邵云点点头,现实夸赞了几句:“不愧是心理学专业的,对人性的拿捏还真准。是这样的,刚开始的时候哥哥总是想着仇恨,但是在父亲慢慢开导下,他开窍了,现在好多了,要不然也当不成队长呀。”
“说的也对,不过有一件事情有点想不明白。你父亲为什么要拒绝你当警察呢?”
“大概,他不想我们一家人都是警察吧?”
“父亲亲口告诉你的?”
“我问过他,他说希望我能从事一些学术上的事业,他说,这是母亲怀孕我的时候他对我的期望。”
“哦——”莫杉轻描淡写地说。
邵云看出了莫杉有话要说,他追问着说:“怎么了。对这个理由不接受?”
莫杉:“不是不接受,只是。我想吧,如果你父亲一定要拒绝你们当中哪个人当警察,那也要拒绝你哥哥韩卫衣才对。他没有道理拒绝你当警察。”
“为什么这样说?”
“你父亲是前局长,现在还是人大代表。他这样的人,遴选人才肯定要从大局着眼,不可能小视角,你想想,你哥哥韩卫衣心中充满仇恨,这样的人适合当警察?相反,你就不一样了,你父亲竟然鼓励他从事警察,反倒是决绝你当警察,这于情于理都不太说得清啊。”
邵云挠了一下头,这个问题他也想过,但是想的非常肤浅,他觉得韩卫衣的亲身父亲不幸丧命,父亲一定是希望这位战友的后人能继承家父的志愿吧。
听听莫杉的分析,觉得也在理。
不过呢,邵云不想就这个问题多想下去,一个是自己的父亲,一个是情同手足的哥哥,父亲怎么决定,那自然有他的道理。就算父亲偏袒哥哥韩卫衣一点那也是应该的,毕竟比起自己来,哥哥韩卫衣的成长历程要艰辛的多,心里承受的压力也重的多。
其实莫杉想说,邵云头脑中的影象,说是梦境也好,记忆也罢,会不会同邵云儿时有关联呢?
如果真这样,那么邵云的危险就不是来自迷魂山,而是来自他的家庭。
很快,她就打消了这层担忧。她觉得自己有些可笑,糊涂,愚蠢,怎么会想到这里呢?
这也太无稽了吧。那是邵云的家,他身边的是父亲和母亲。
哦,也不对吧,从人性层面来说,父亲肯定不会伤害自己身上掉下来的骨肉,但是韩卫衣就不太一样了,从他这个人自小的经历和遭受的创伤来说,他的心理多少会有一点畸形,有一些正常人想不到的扭曲和分裂。

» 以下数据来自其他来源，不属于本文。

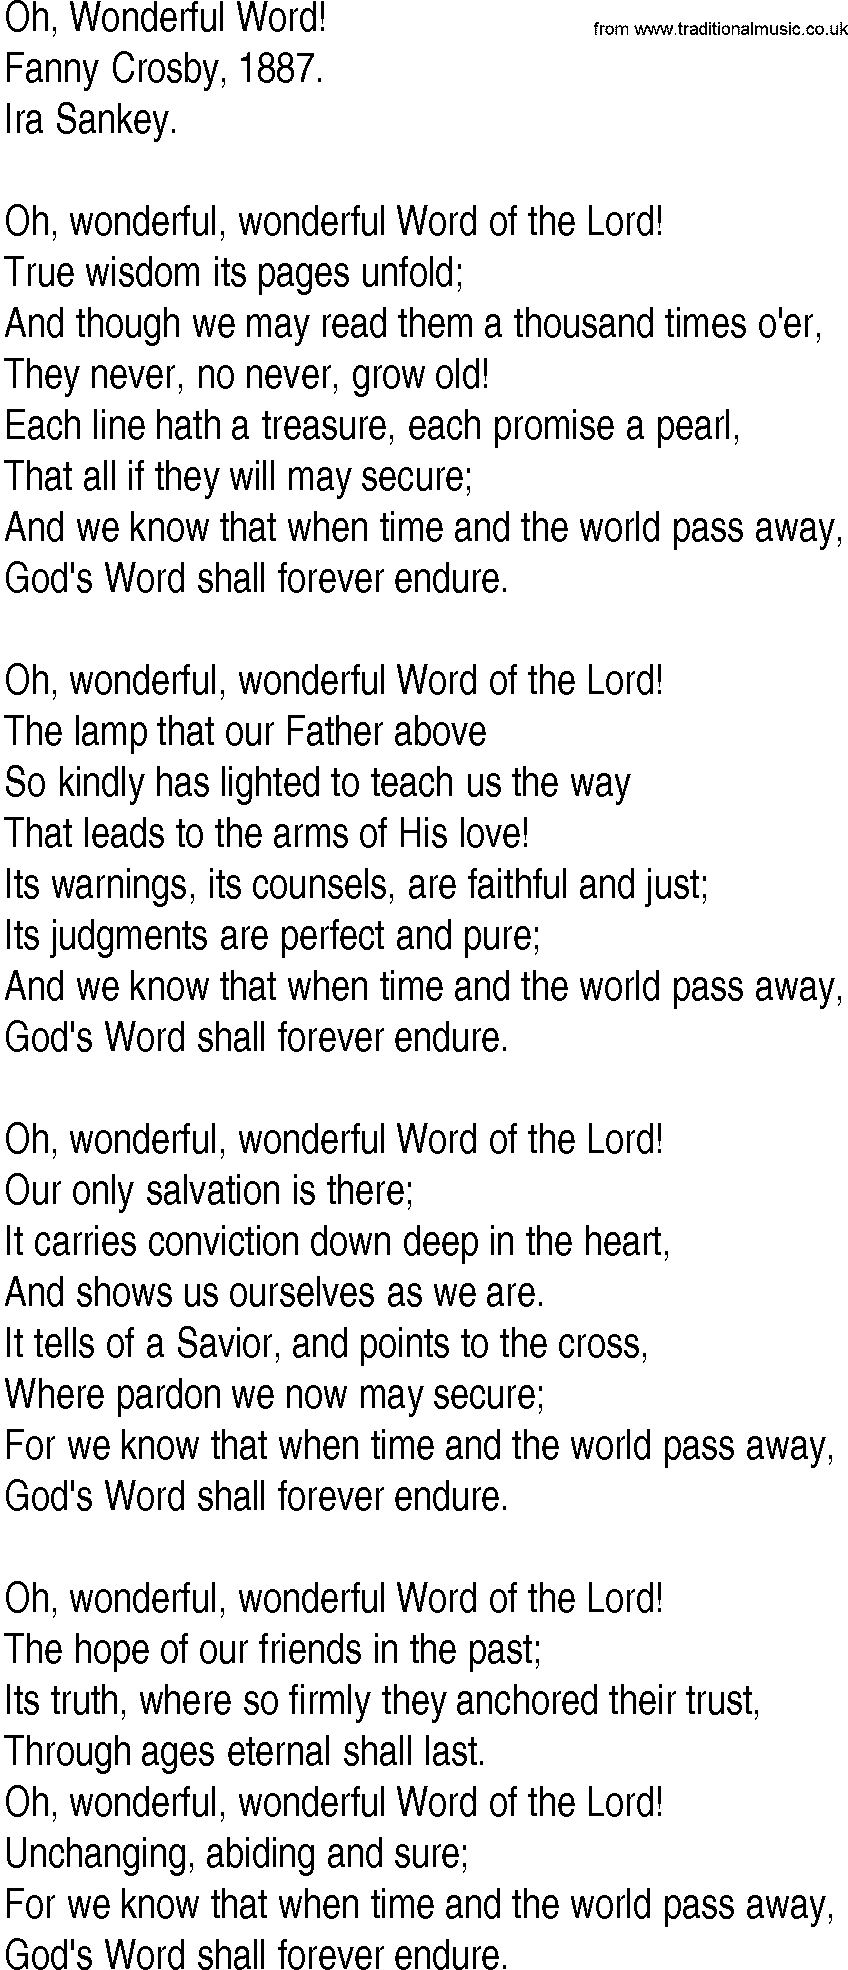 Hymn and Gospel Song: Oh, Wonderful Word! by Fanny Crosby lyrics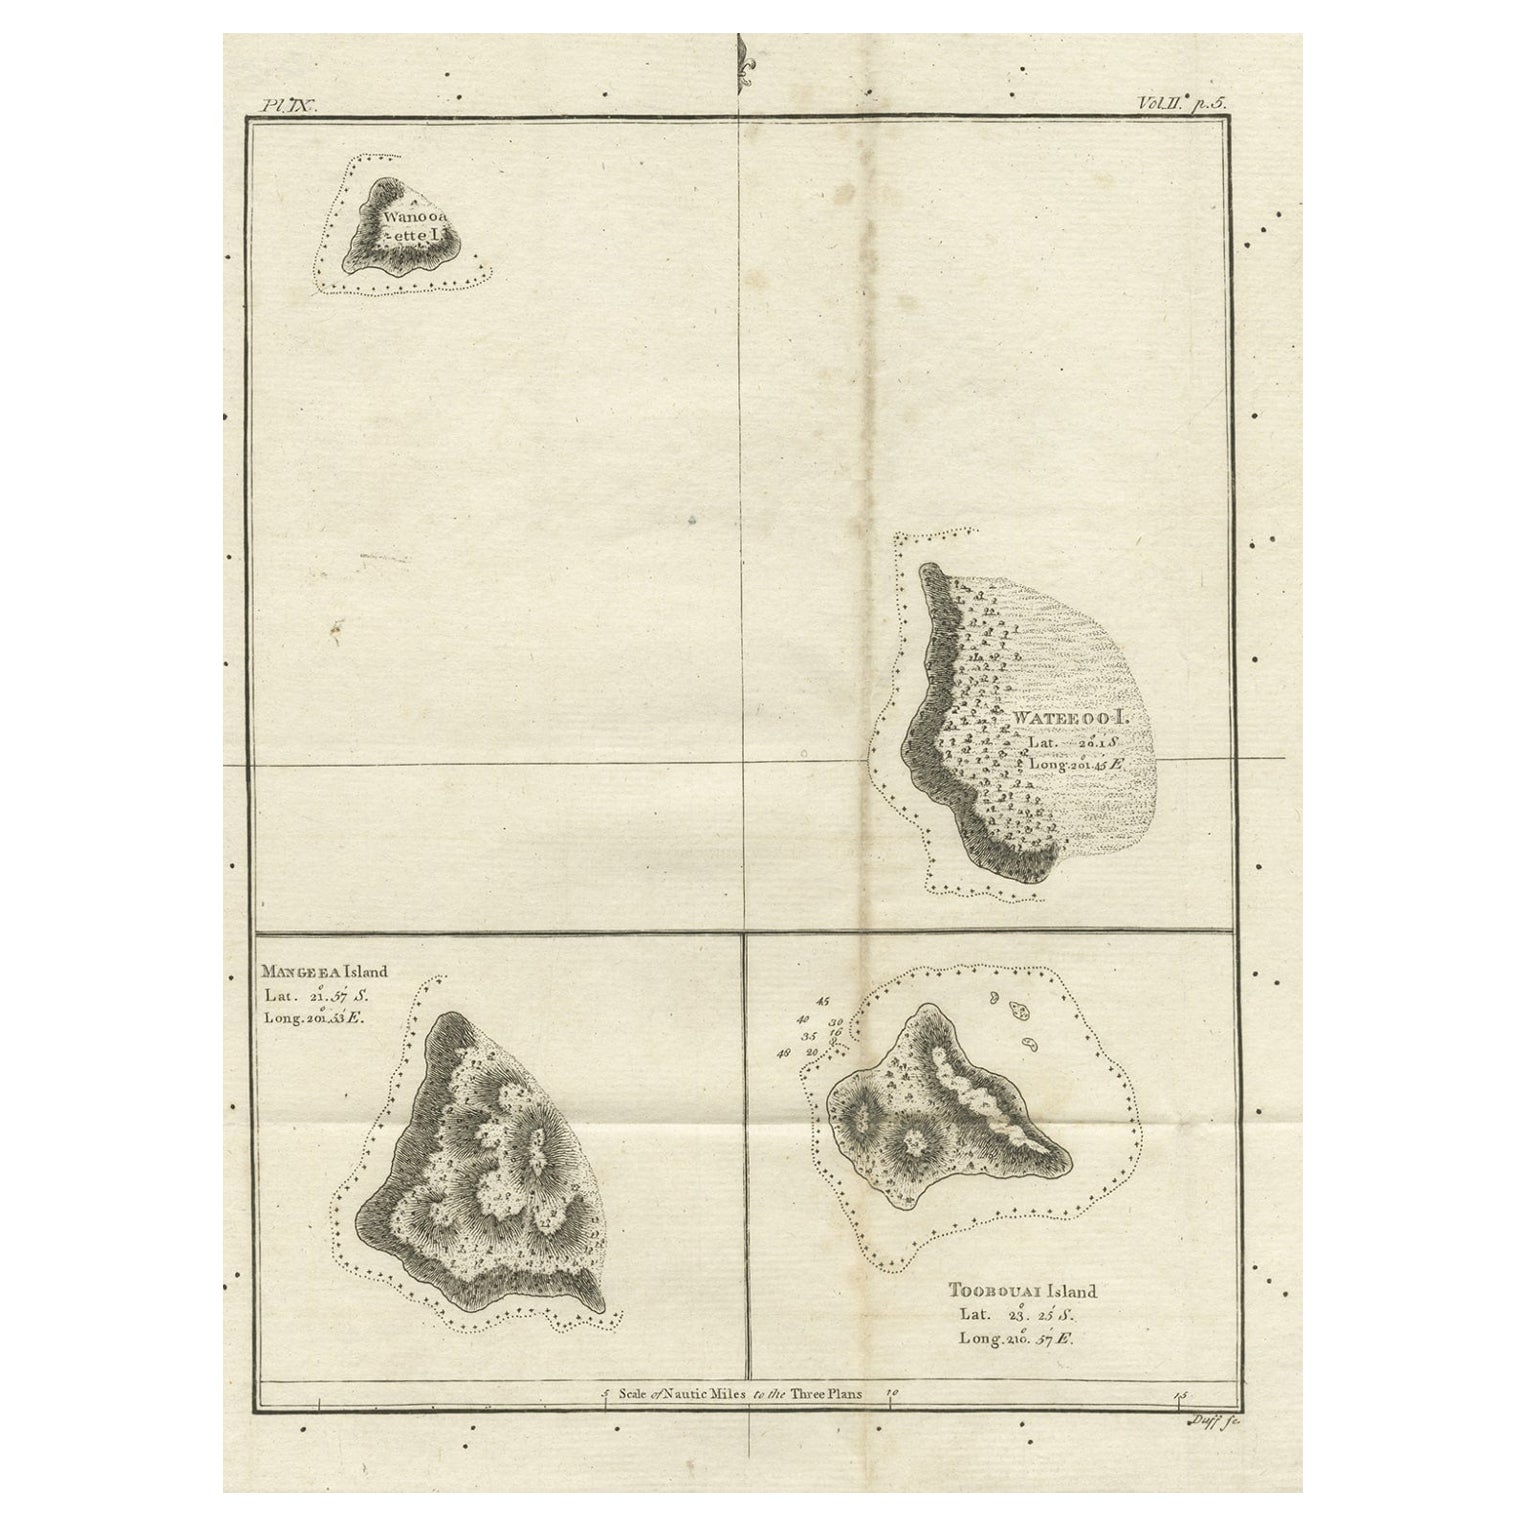 Old Map of the Cook Islands Takutea, Atiu, Mangaiac and Tubuai, Polynesia, 1781 For Sale

莫杉清晰记得在心理学课堂上的一个案例:一个孤儿被一家好心人领养,好心人一家三口,夫妻两人还有一个儿子。夫妻两人对他如同自己的骨肉一样,这个孤儿也非常的爱这个家,爱他的义父义母,也爱这个没有血缘的弟弟,但是,他的内心中有一种无可名状的愤慨,起初他也说不上这层愤怒来自何处,这样的愤怒一直纠缠他到二十岁。有一天,二十岁的他突然萌生一个可怕的念头,他多希望这个家中只有他一个孩子,如果自己的这个弟弟不存在了,那么他的义父义母就变成了他的亲生父母,于是他就痛下杀手,亲手杀死了这个弟弟。他杀死弟弟还有一个重要的愿意,他妒忌弟弟,痛恨弟弟,他是孤儿,凭什么弟弟不是孤儿,凭什么弟弟有父母。
想到这里,莫杉的心理开始紧张起来,他不知道要怎么才能让邵云明白他的担忧。
邵云漫不经心地说:“我挺喜欢现在的工作和生活,人啊,刚开始所谓的理想,无非是一时的执念。当你在人生轨迹走了一段,你突然发现,眼前的风景才是最好的。其实呢,一个家庭和和睦睦是最幸福的事情了。其它的都无所谓了。”
莫杉心想,你是无所谓了,如果别人会也如你那样想,也无所谓?但是她的嘴上是不能这样说,如果这样说,岂不是成了挑拨离间。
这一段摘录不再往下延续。